We started to shard one more of our big collections in our database. Database has 26 collections and some of them are already sharded.
Now every night (UTC) we let the balancer run:

{ "_id" : "balancer", "activeWindow" : { "start" : "18:00", "stop" : "7:00" }, "stopped" : false }

The collection we now added has around 140 mio documents.
"avgObjSize" : 378.40800250149164,
"size" : 52424250472,

What we now see, is that outside the Balancer window the homeshard is doing its cleanup rounds.

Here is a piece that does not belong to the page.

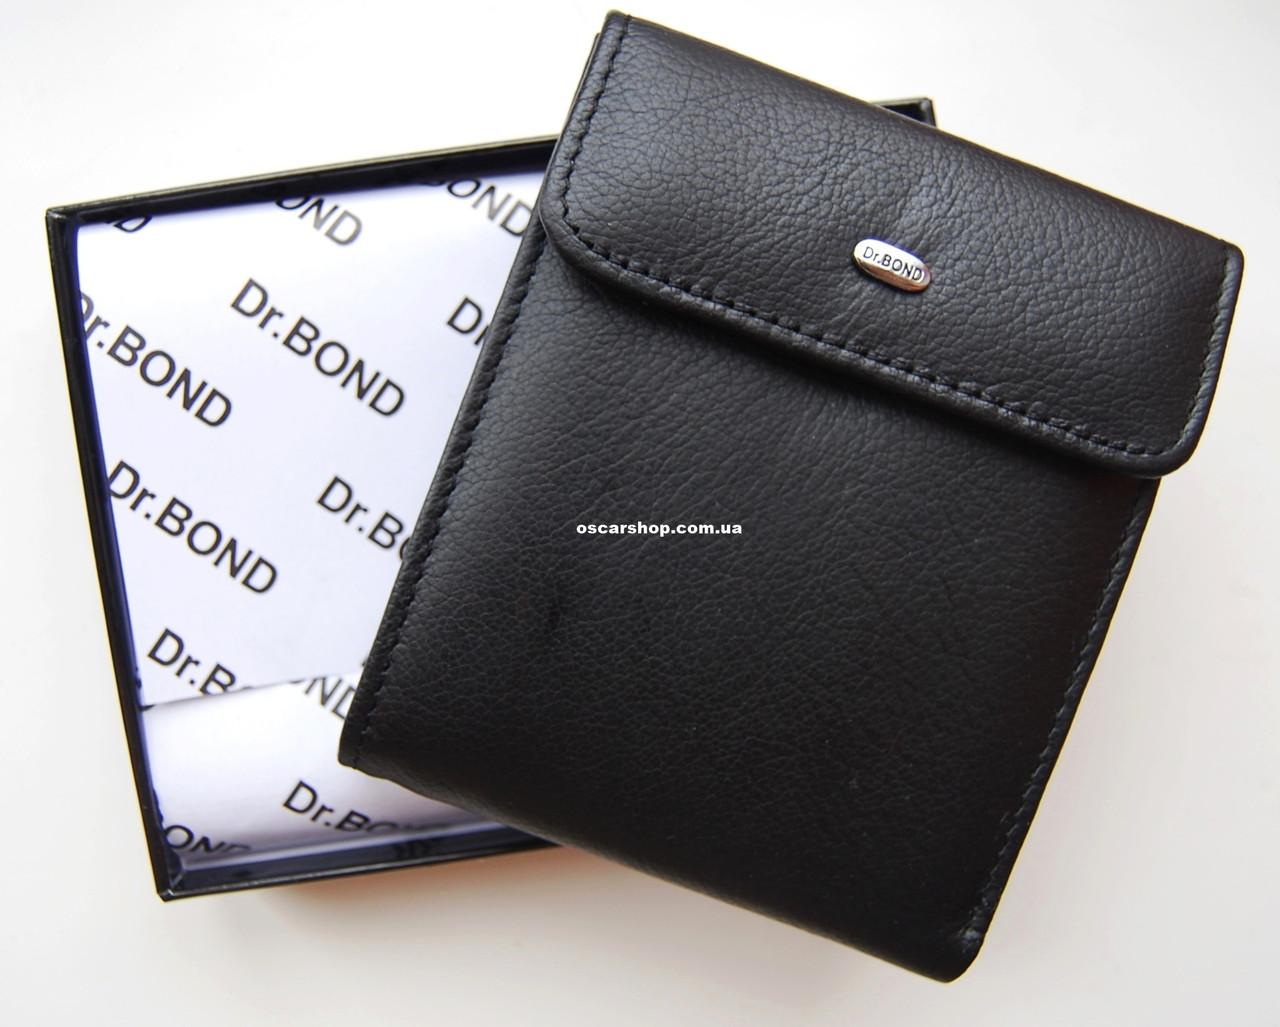 1b9b9f2f6731 Женское кожаное портмоне DR. BOND. Женский кошелек натуральная кожа.  Кожаный ...

Thus we see a lot writes and reads via mongotop on this collection.
We profiled the access patterns and think that >80% of the writes are coming from the cleanup job.

some output dbtop (webinterface) for this collection:

total		Reads		Writes		Queries		GetMores		Inserts		Updates		Removes
2259	84.9%	1987	49.9%	272	34.9%	682	37.9%	5	2.7%	0	0%	40	8.3%	0	0%
 
2320	84.1%	1479	47.9%	841	36.3%	530	28.9%	3	11.3%	0	0%	6	0.2%	0	0%

In the logfile of the server process (primary) we find the following entry:

Tue Aug 27 15:08:25.610 [cleanupOldData-5219670bedeed3fdea9d337b] moveChunk starting delete for: database.CollectionToshard from { targetUid: -5232965359423252304 } -> { targetUid: -5219148617130848963 }
....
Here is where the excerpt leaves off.